After the race or workout, take advantage of the post workout recovery window by consuming a snack within 45 minutes
post workout. Ideally, you want to take in a ratio of 3:1 simple carbs to protein.
Race Prep Checklist
Heading into a race most people take the time to prepare themselves mentally and physically for the upcoming challenge,
but their planning is lacking in detail. To help minimize stress and encourage success on race day here are some important
items to consider.
What to Wear
• Most obstacle course races feature mud, water, and off-road conditions.
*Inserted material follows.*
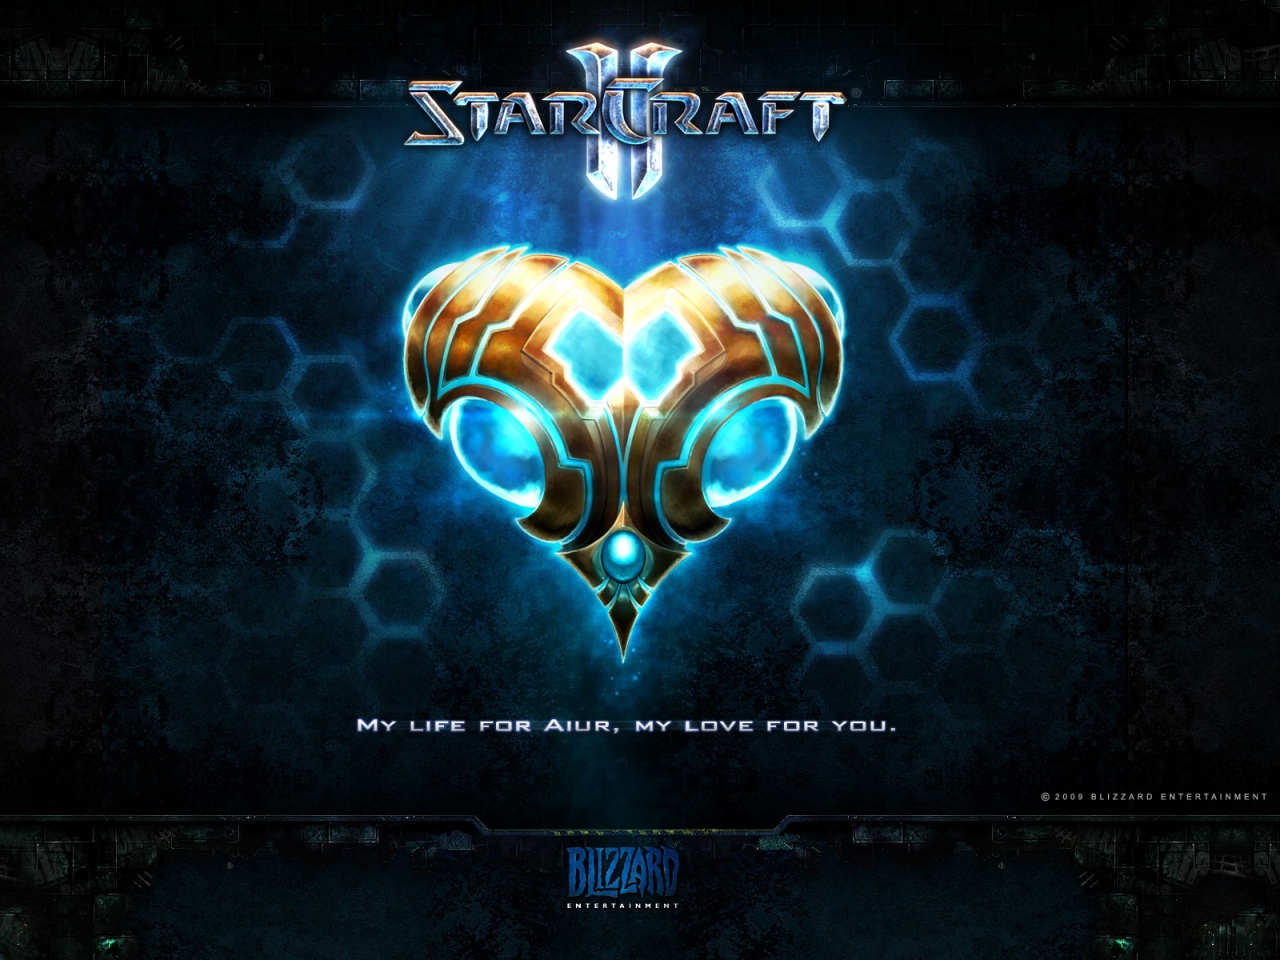 StarCraft 2 - My life for Aiur

You might want to choose clothing, shoes, and
gear that you wouldn’t mind discarding after the race.
• Choose comfortable athletic clothing and fabrics that wick moisture and dry quickly. Consider compression shorts, tops,
and/or socks.
• Race in something you have trained in. Do not try a new pair of shoes or compression shorts on the day of the race.
• Opt for trail running or off-road shoes.
• Consider athletic or weight lifting gloves to help with grip an protect your hands.
What to Bring
• Hydration pack.
• Knee, elbow, or leg protection, pads, or compression sleeves.
• Sunscreen.
• Athletic or medical tape.
• Watch and/or heart rate monitor.
Additional Consideration
• Bring a change of clothes, towel, and toiletries to be warm and dry for the post race party.
• Have some extra cash on hand for food and merchandise.
• Enjoy the race and post-race activities.
Take Away
Obstacle racing is a fun experience that can serve as motivation to get in shape or satisfy need for competition. Armed
with this guide, you will be able to plan and prepare for every challenge encountered as part of an obstacle course race.